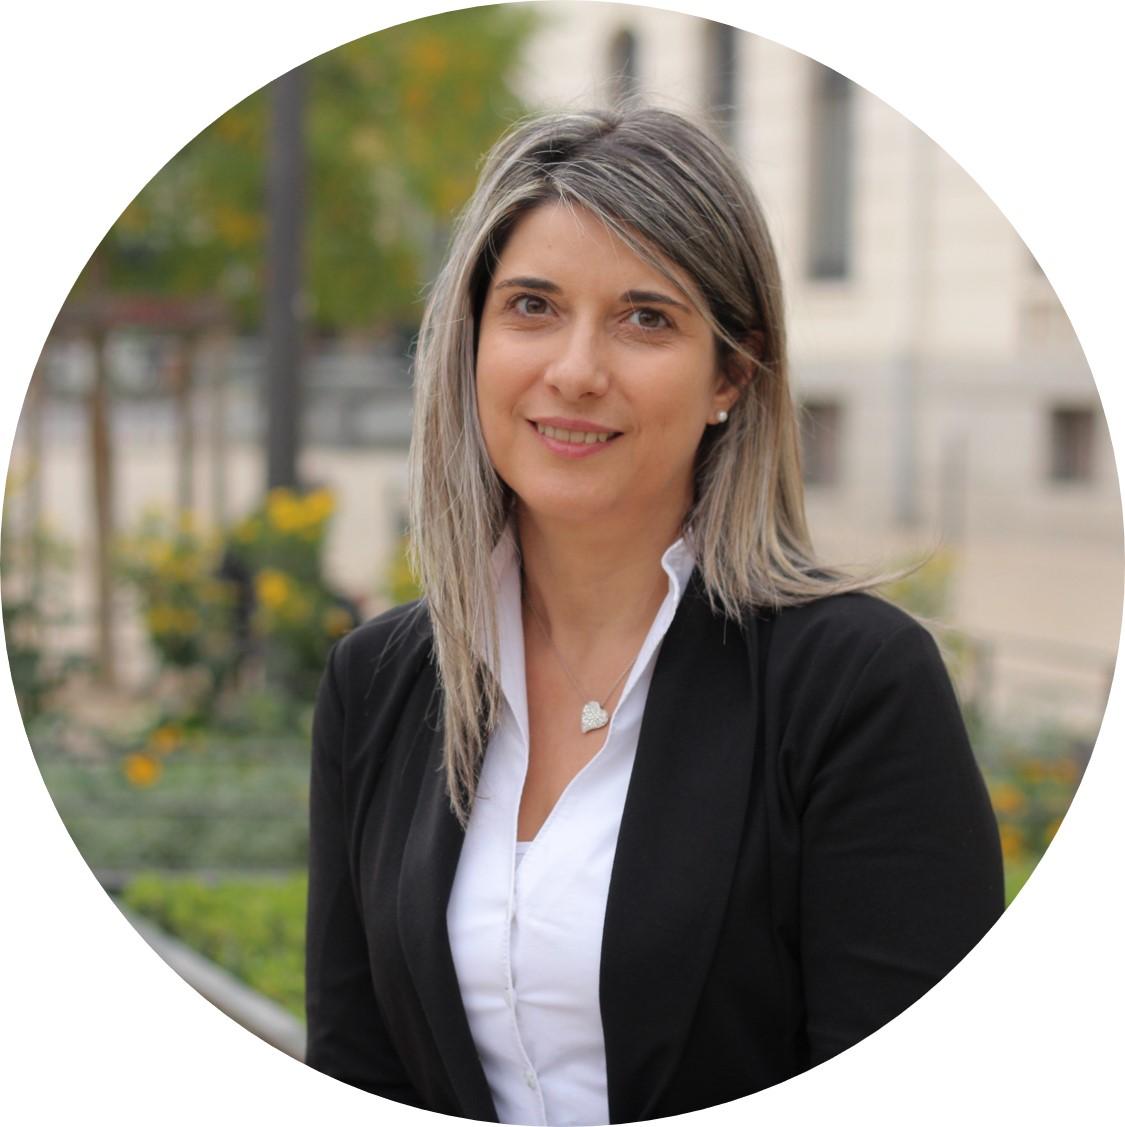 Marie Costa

---

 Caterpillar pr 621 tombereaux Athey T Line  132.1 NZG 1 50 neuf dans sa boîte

==

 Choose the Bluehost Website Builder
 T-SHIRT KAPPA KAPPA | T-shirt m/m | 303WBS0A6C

▸ **Task description**
Of the entries above, transcribe exactly those lines that fall between the line containing "Choose the Bluehost Website Builder" and the line containing "T-SHIRT KAPPA KAPPA", together with those two lines.

▸ **Result of this exercise**
 Choose the Bluehost Website Builder
 T-SHIRT KAPPA KAPPA | T-shirt m/m | 303WBS0A6C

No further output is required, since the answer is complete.